TIMOTHY AND MATILDA said:


> is it near the nudist beach :blush:


better pack the factor 50!!!!:gasp:


----------



## TheMetaphysicalNinja (Aug 18, 2009)

TIMOTHY AND MATILDA said:


> is it near the nudist beach :blush:


Studland beach has a nudist section  it's about a mile up the beach... but it has been many years since i was there, so that's probably not accurate!


----------



## geckomagic (Feb 27, 2007)

Count me in, im not too far away
Thanks


----------



## eurokeeper (Nov 3, 2009)

seems like afew people are interested in this. we should sort out a place to meet. a date should be decided nearer the time but will be within the first two weeks of april


----------



## jonodrama (May 7, 2009)

eurokeeper said:


> seems like afew people are interested in this. we should sort out a place to meet. a date should be decided nearer the time but will be within the first two weeks of april[/QUO
> 
> Good thinking.
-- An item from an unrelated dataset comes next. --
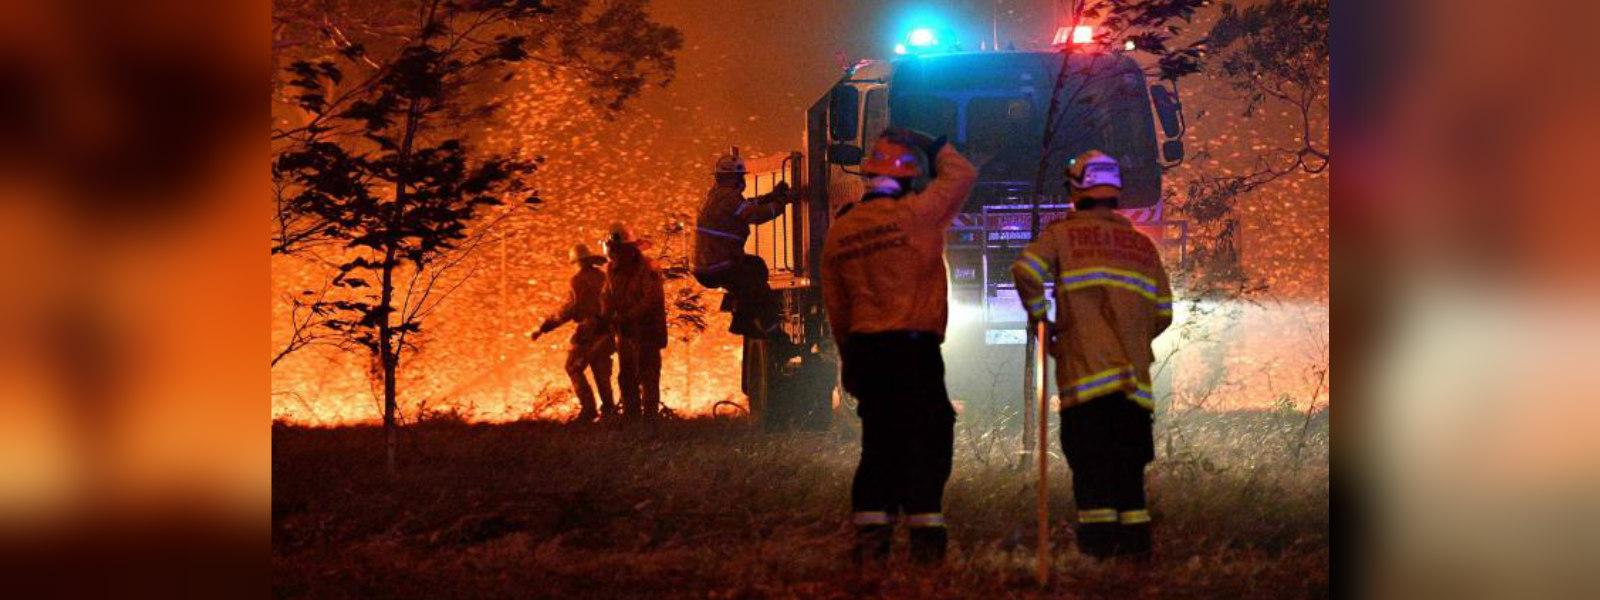 Australia fires: NSW declares week-long state of emergency

Just checked Dorset County Council website, school holidays run from 2/04-----15/04
> 
> The area will be busy


----------



## White_raven666 (Mar 20, 2007)

Count me in!!!!


----------



## eurokeeper (Nov 3, 2009)

jonodrama said:


> eurokeeper said:
> 
> 
> > seems like afew people are interested in this. we should sort out a place to meet. a date should be decided nearer the time but will be within the first two weeks of april[/QUO
> ...


----------



## eurokeeper (Nov 3, 2009)

so is everyone still interested in the trip to dorset


----------



## Ben W (Nov 18, 2008)

sounds good to me


----------



## lizardloverrach (Dec 1, 2008)

jonodrama said:


> Sounds good...count me in.
> 
> I know the little nature reserve on southampton common is great for wall & common lizards. There have also been sightings of grass snakes too.


Didnt see any when i went


----------